Dedication to public service defines Millar’s tale
Deputy president’s tribute to civic values
"When there’s distrust or a lack of faith in the public sector, it’s a sign of a society in trouble…"
Mark Millar has spent his long career battling against a huge misconception – the received wisdom, which never entirely disappears, that the public sector is somehow a burden, a necessary though regrettable nuisance, where people only work if they can’t cut it in the fast lane of free enterprise.
All nonsense, and Mark has dedicated his professional life to proving the opposite, most recently as the CEO at St Elizabeth Hospice in Suffolk, England.

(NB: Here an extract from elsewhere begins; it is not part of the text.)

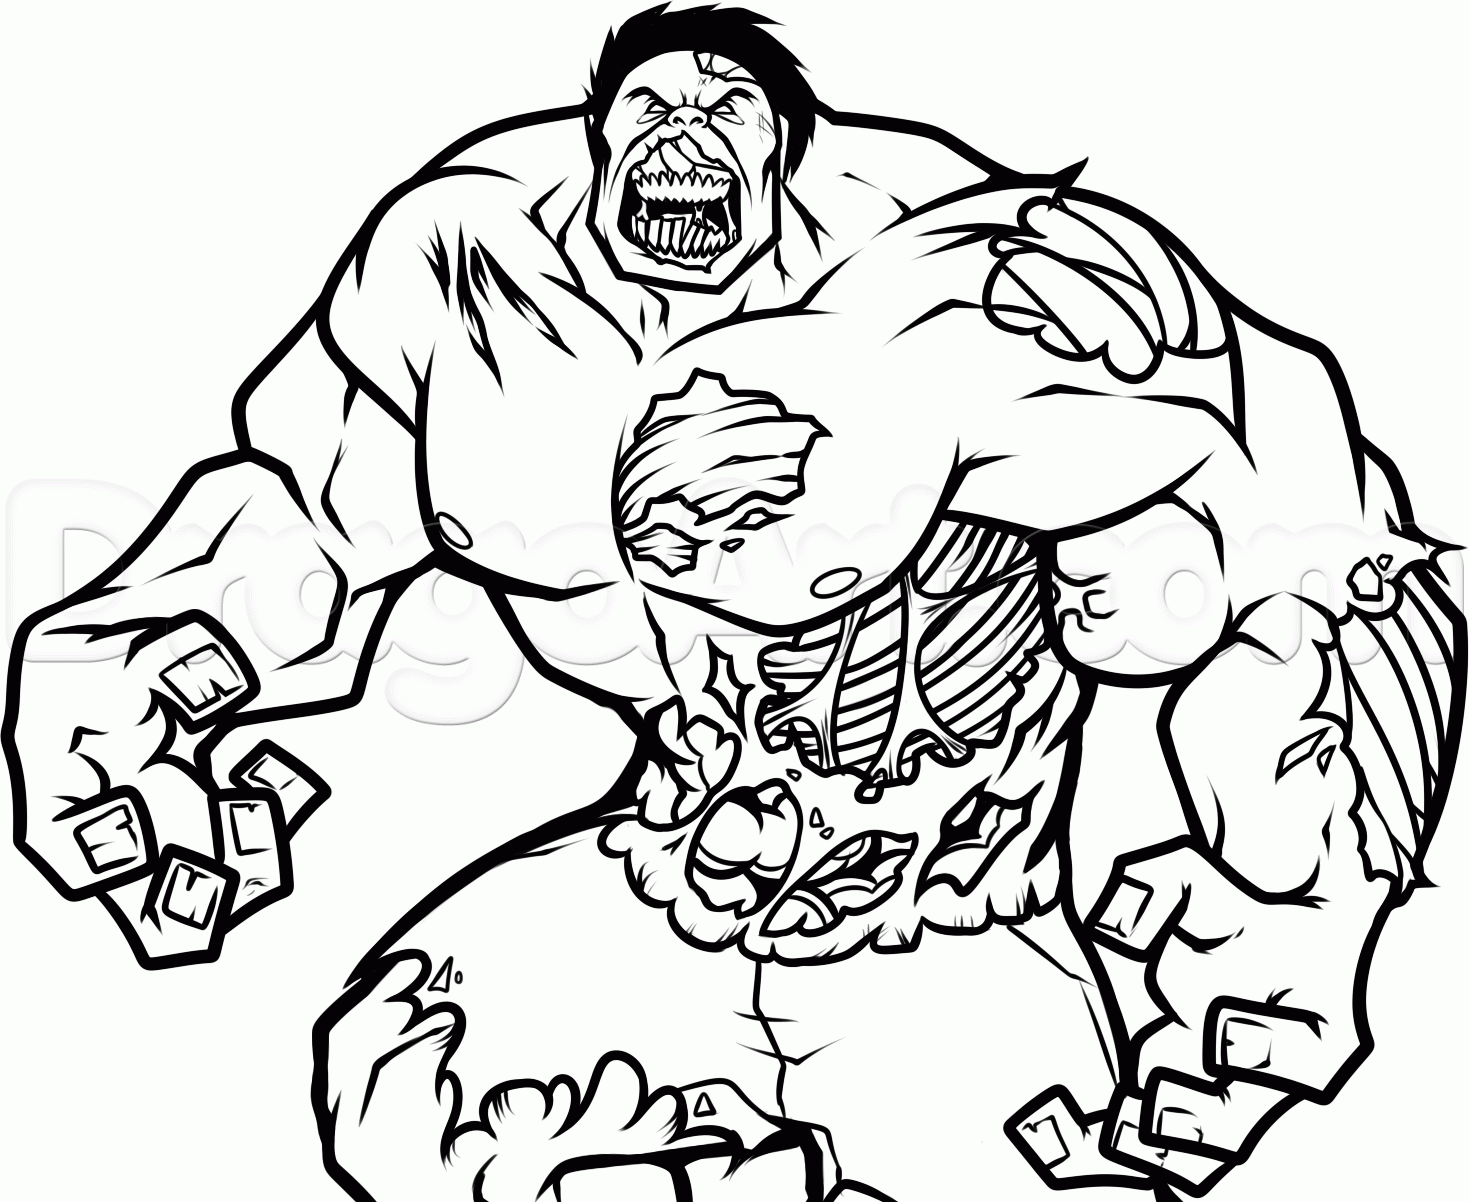 Download Zombie Hulk Colouring Pages #4824 Marvel Zombies Coloring Pages ... - Coloring Home

He argues eloquently and persuasively that both sectors are as important to the economy and the life of a nation as the other. Success is found where a strong and vibrant commercial sector sits alongside a well-run public sector.
‘I chose to work in public health as a fresh-faced young accountant more than 40 years ago, long before I had this white beard, and I’ve never regretted it for a moment,’ he said.
‘Quite the opposite.’
Active, vigorous, vibrant
‘The more time I have spent in the sector, with so many incredible colleagues, the more I have been convinced that it is every inch as creative, innovative and forward-thinking as private business.’
But it’s more than just an economic question for Mark.
He champions public activity as a vital element in a healthy society, and brings that advocacy to his role as deputy president of ACCA.
‘In its essence the public sector has always been the place where people come together to get things done, to make the world a better place for all, and to provide the vital services people need.
‘We need an active, vigorous, vibrant public sector more than ever,’ he said.
Civilised and caring
‘That’s because I believe that investing in civic projects and supporting services which benefit all people is the mark of a civilised and caring society.’
This matters even more now, when the rhetoric against the worth of publicly-funded services is ramping up more fiercely than ever in some parts of the world.
‘We know from bitter experience in history that when there’s distrust, or a lack of faith in the public sector, it’s a sign of a society in trouble. Wherever we’ve seen leaders declare that the public sector is rotten, corrupt or incapable of serving the people, we’ve seen a weakening of democracy, a slide to tyranny and restrictions on freedom.’
First lines of defence
‘That’s how important a strong public sector is for me.’
Mark says that accountants can serve as the front line in the defence of civic values.
‘We all know that corruption can exist in all societies and in all forms of economic activity, and that’s why professional accountancy makes such a vital contribution to public life. It sets an example, lays down standards and serves as a watchdog in calling out corruption and the creaming off of public funds. Those of us who work in the public sector hold particular positions of trust and need to be role models for our standards, ethics and behaviour.
Leadership and standards
‘My experience has shown that professional accountants really grab hold of the idea that there is a purpose in what they do, and in what they contribute to the public good.
‘That’s what drives them - to get the best value they possibly can out of the public purse.
‘As business owners increasingly look for broader benefits than simply profit, and the use of public money comes under ever increasing scrutiny, the skills required in each sector become increasingly interchangeable. Public sector accounting is a job and a career well worth pursuing and deserves to attract its fair share of talent.
"It’s serious, demanding and difficult work, but I know from my own life that it is fascinating and endlessly satisfying"
‘I believe that even societies and nations which put the free market and private enterprise first in their economic models must still be based on a strong public sector, where private profits help sustain a good environment; infrastructure that works; and public services which make a civilised and happy society for all citizens.
‘I think that the battle to defend public value, to maximise the spending power of the public purse, is going to be such an important theme in the next few years.
‘It’s serious, demanding and difficult work, but I know from my own life in the public sector that it is fascinating and endlessly satisfying.’